In many cases, vaccinating entire populations of primates would be impossible, but golden lion tamarins live in a small region and are closely tracked by researchers, so it seemed feasible, says Sérgio Lucena, a primatologist and director of the National Institute of the Atlantic Forest. To be successful, he says, “the vaccine has to be used in a very exact way and within a very restricted area.”
After the first round of vaccines—a diluted version of what is administered to humans—was given to golden lion tamarins in captivity and deemed safe, the biggest hurdle was getting permission to give it to the monkeys in the forest. This was the first time such a request had been made to the government, and there was no clear process for getting it approved.
Then, just as Ruiz-Miranda and his team were waiting for one last permit before heading into the field to vaccinate five of the monkeys’ social groups, the COVID-19 pandemic hit.

Vaccinating monkeys during a pandemic

Stuck working from home and unable to head into the field to continue their work, the researchers have lost seven months waiting.
“We were very frustrated and irritated with the bureaucracy,” says Ruiz-Miranda. “We were making weekly calls to try to get something going with the vaccination and to have a quick response to the realization we had lost the tamarins.”
Finally, their insistence got them what they needed in August. Permit in hand, they’re ready to head back into the field this September. Once the first groups are vaccinated and transferred, they’ll be observed for six months to a year before others get the same treatment.
To protect the researchers from the spread of COVID-19, they will now travel to the forest in teams of two, requiring more vehicles and increasing the time and costs needed to carry out their work. Just three will be allowed in the lab at once, and they will wear masks all the time, not just while handling the monkeys. (There’s no evidence golden lion tamarins can get the coronavirus from humans, but there’s also no evidence they can’t.)

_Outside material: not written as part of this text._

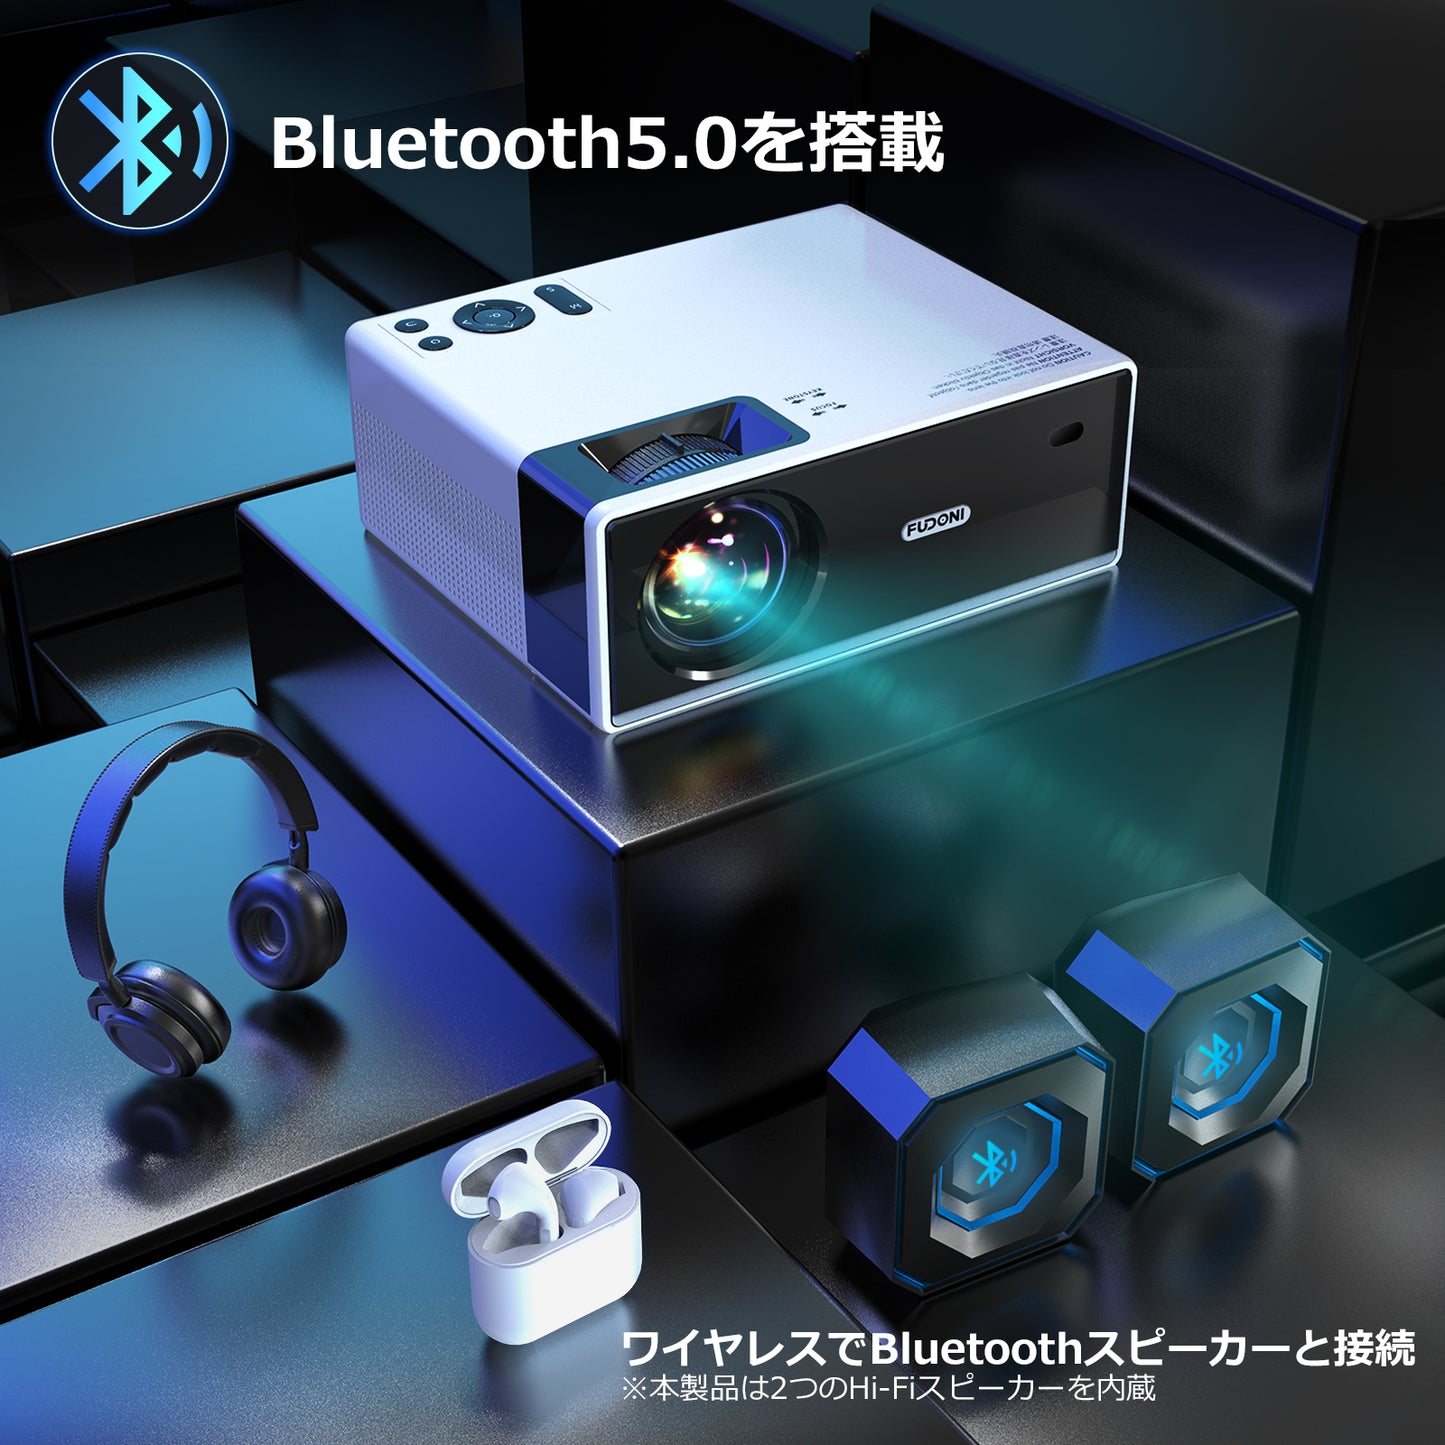 FUDONIプロジェクター WiFi Bluetooth フルHD 1080P 高輝度12000LM 4K対応 300"大画面 小型 モバイル 高速5G&2.4GWi-Fi Bluetooth5.0

It takes up to three days to find the golden lion tamarins that are monitored with telemetry; those without radio transmitters can take two months to track down. Once found, they are put in a special trap where they are sedated to take blood samples, swabs and perform a full health check. The yellow fever vaccine can be administered with the monkeys awake.
If all goes well, the goal is to vaccinate 500 golden lion tamarins, the minimum viable population to keep the species alive in the wild. Ruiz-Miranda hopes the time they lost to COVID-19 hasn’t already taken a toll on the population’s health.
“The smaller the population, the higher the probability that any small catastrophic event could wipe them out,” he says. “If nothing is done, we could start seeing local extinctions.”